2.1. Dense Retrieval

Dense retrieval has become a fundamental paradigm for open-domain question answering and neural information retrieval, as it maps queries and documents into a shared embedding space and performs retrieval through vector similarity. Compared with sparse retrieval methods based on exact lexical matching, dense retrievers are more effective at capturing semantic relevance and have achieved strong performance across a wide range of retrieval benchmarks. Early representative approaches, such as Dense Passage Retrieval (DPR) [5], demonstrated the effectiveness of dual-encoder architectures trained with question–passage pairs for open-domain retrieval. Subsequent studies further improved retrieval quality through more informative hard negative mining and distillation-based training strategies, including Approximate Nearest Neighbor Negative Contrastive Learning (ANCE) [6], RocketQA [8] and Margin-MSE [15]. Despite these advances, existing dense retrievers are still primarily optimized for semantic matching and often struggle when retrieval requires latent reasoning over multiple pieces of evidence rather than direct topic alignment.
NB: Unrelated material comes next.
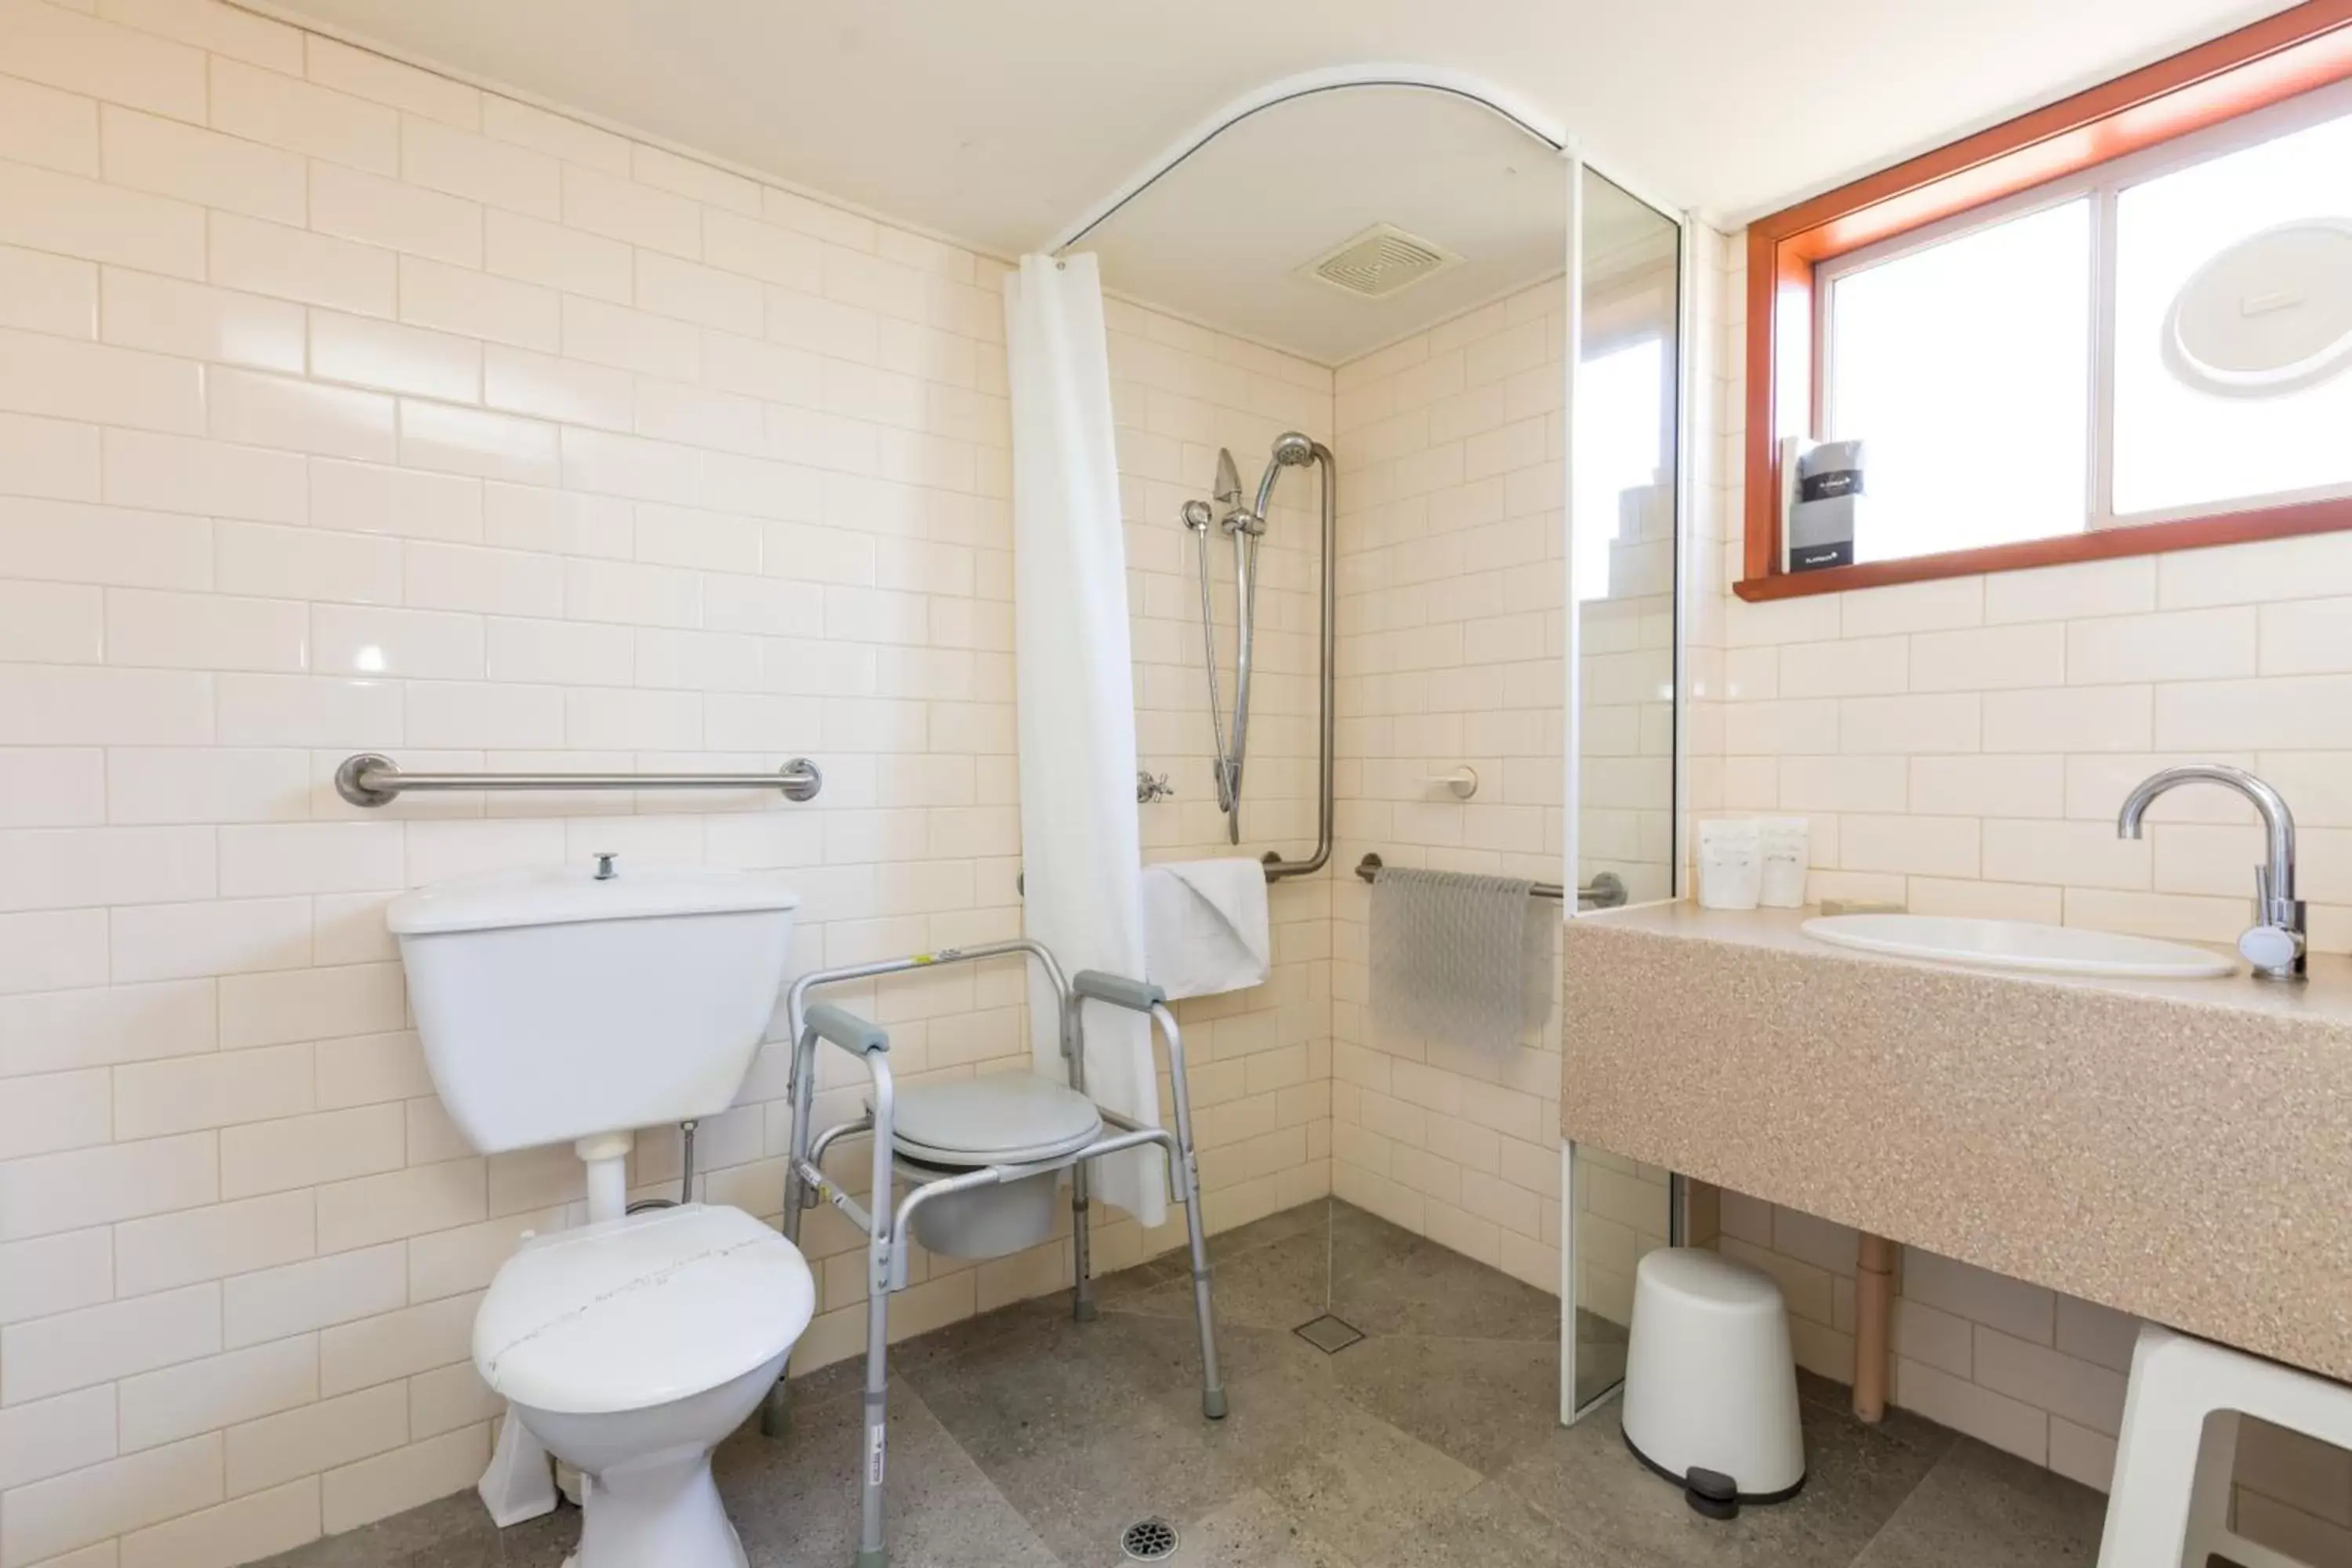 Area and facilities, Bathroom in Hermitage Motor Inn

2.2. Reasoning-Intensive Retrieval and Retrieval-Augmented Generation

Recent developments in retrieval-augmented generation (RAG) [1] have highlighted the importance of retrieval quality for downstream reasoning and generation tasks. RAG-based frameworks improve factual grounding by retrieving external knowledge before generation, but their effectiveness depends heavily on whether the retriever can identify evidence that is not only relevant but also logically sufficient for answering complex questions. This challenge becomes particularly salient in multi-hop and reasoning-intensive settings, where supporting evidence may be distributed across multiple passages and connected through implicit relational chains. Methods such as Fusion-in-Decoder (FiD) [2] and Multi-hop Dense Retrieval (MDR) [3] have shown that complex question answering often requires iterative or reasoning-aware retrieval, while more recent frameworks such as Self-RAG [4] further emphasize the dynamic interaction between retrieval and reasoning. However, much of this line of work focuses on downstream reasoning architectures or retrieval–generation interaction, rather than on improving the training supervision of the retriever itself.

2.3. Knowledge-Graph-Enhanced Retrieval and Graph-Based Reasoning

Knowledge graphs (KGs) and graph-structured representations provide an explicit way to encode relational dependencies among entities, making them particularly useful for multi-hop reasoning and evidence traversal. Prior work has incorporated graph structure into retrieval and question answering through graph neural reasoning, iterative evidence expansion, or graph-guided generation. Representative examples include GRAFT-Net [16] and PullNet [17], which integrate graph-based reasoning into multi-hop question answering, as well as more recent graph-aware retrieval and generation frameworks such as GraphRAG [18], HippoRAG [19], HybRAG [13], and KG²RAG [14]. These approaches demonstrate that explicit relational structure can substantially improve reasoning over complex information sources. HybRAG is particularly relevant because it explicitly combines semantic node retrieval with structural path retrieval inside the retrieval process, whereas KG²RAG performs KG-guided chunk expansion and organization after semantic seed retrieval. Nevertheless, these graph-enhanced methods require specialized retrieval architectures, graph-aware inference modules, or additional online computation at serving time. In contrast, our work explores how structural knowledge can be injected into dense retrieval through offline data construction, without modifying the retrieval architecture itself. In this sense, S-Gens should be viewed as complementary to online graph-guided retrieval or RAG pipelines rather than as a replacement for them.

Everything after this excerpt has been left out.